Genes

Oral Cancer in the Molecular Age

Joseph A. Regezi, DDS, MS, and Richard C. K. Jordan DDS, PhD

Copyright 2001 Journal of the California Dental Association.

Oral cancer represents an accumulation of defects in the genes that encode key proteins associated with growth and development. Dysregulation of these proteins is central to malignant conversion. This appears to involve three major changes in cell function: 1. altered cell growth, death and longevity; 2. unencumbered cell movement; and 3. development of a new blood supply (angiogenesis). Specific genes, such as p53, p27, p16, and cyclin D-1, are altered in oral cancer through mutation, amplification, or deactivation.
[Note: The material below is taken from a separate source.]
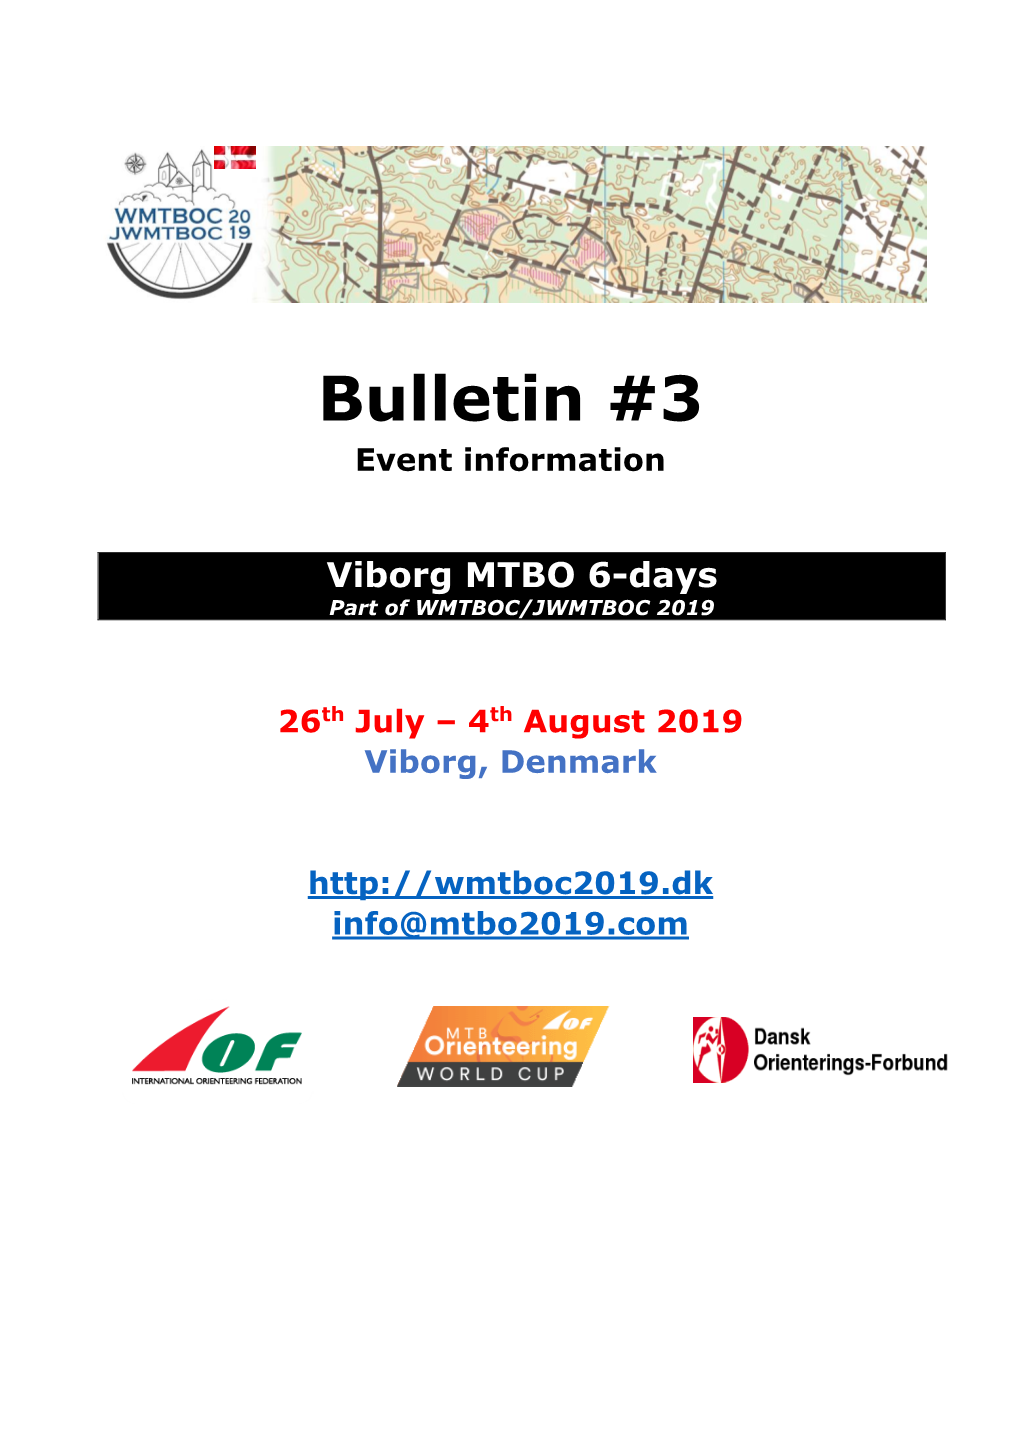 Bulletin #3 Event Information
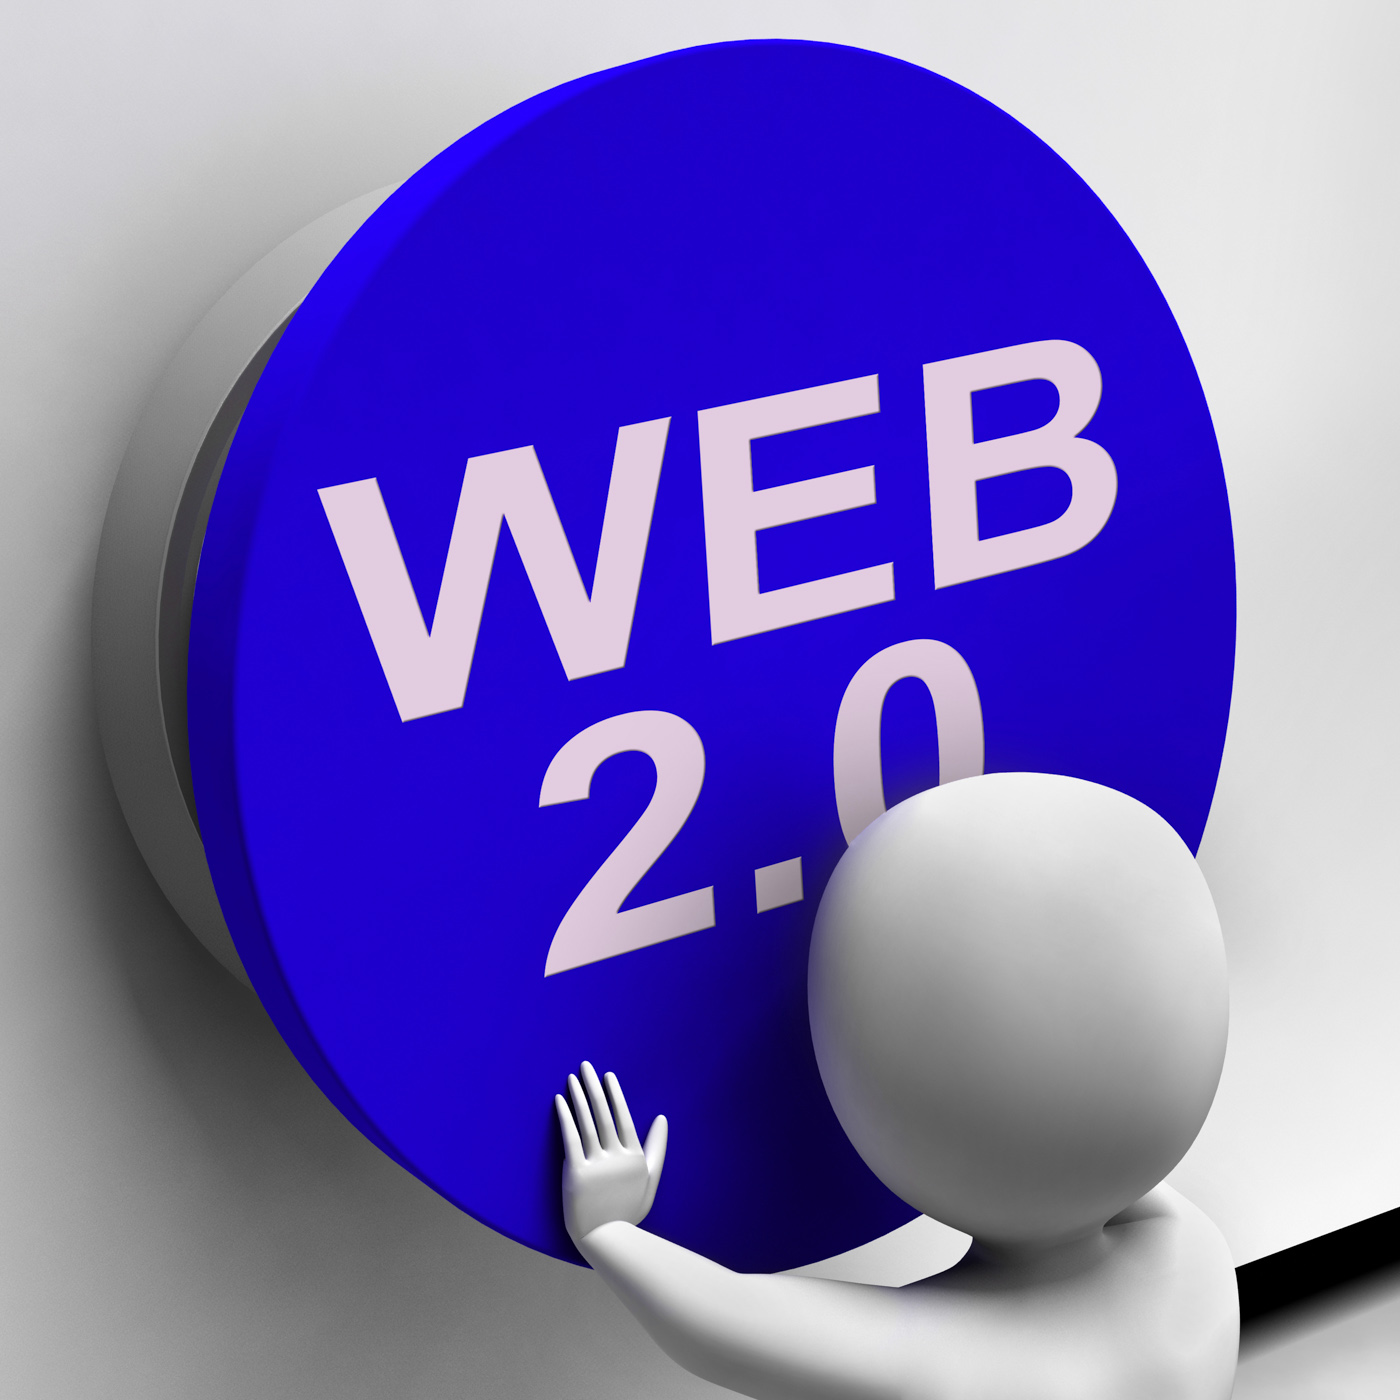 Web 20 button shows user-generated website platform photo

These genes are also frequently altered in many other malignancies. In oral mucosa, etiologic agents -- especially tobacco and alcohol, and possibly some viruses -- are known to induce alterations in the genes and gene functions associated with cell cycle regulation, contributing to the development of squamous cell carcinoma and epithelial dysplasias. Identification of the specific genes/proteins and the sequence in which they appear in the transformation of a normal cell to a malignant cell is necessary for the formulation of new treatment strategies, the development of early detection methods, and the prediction of patient outcome.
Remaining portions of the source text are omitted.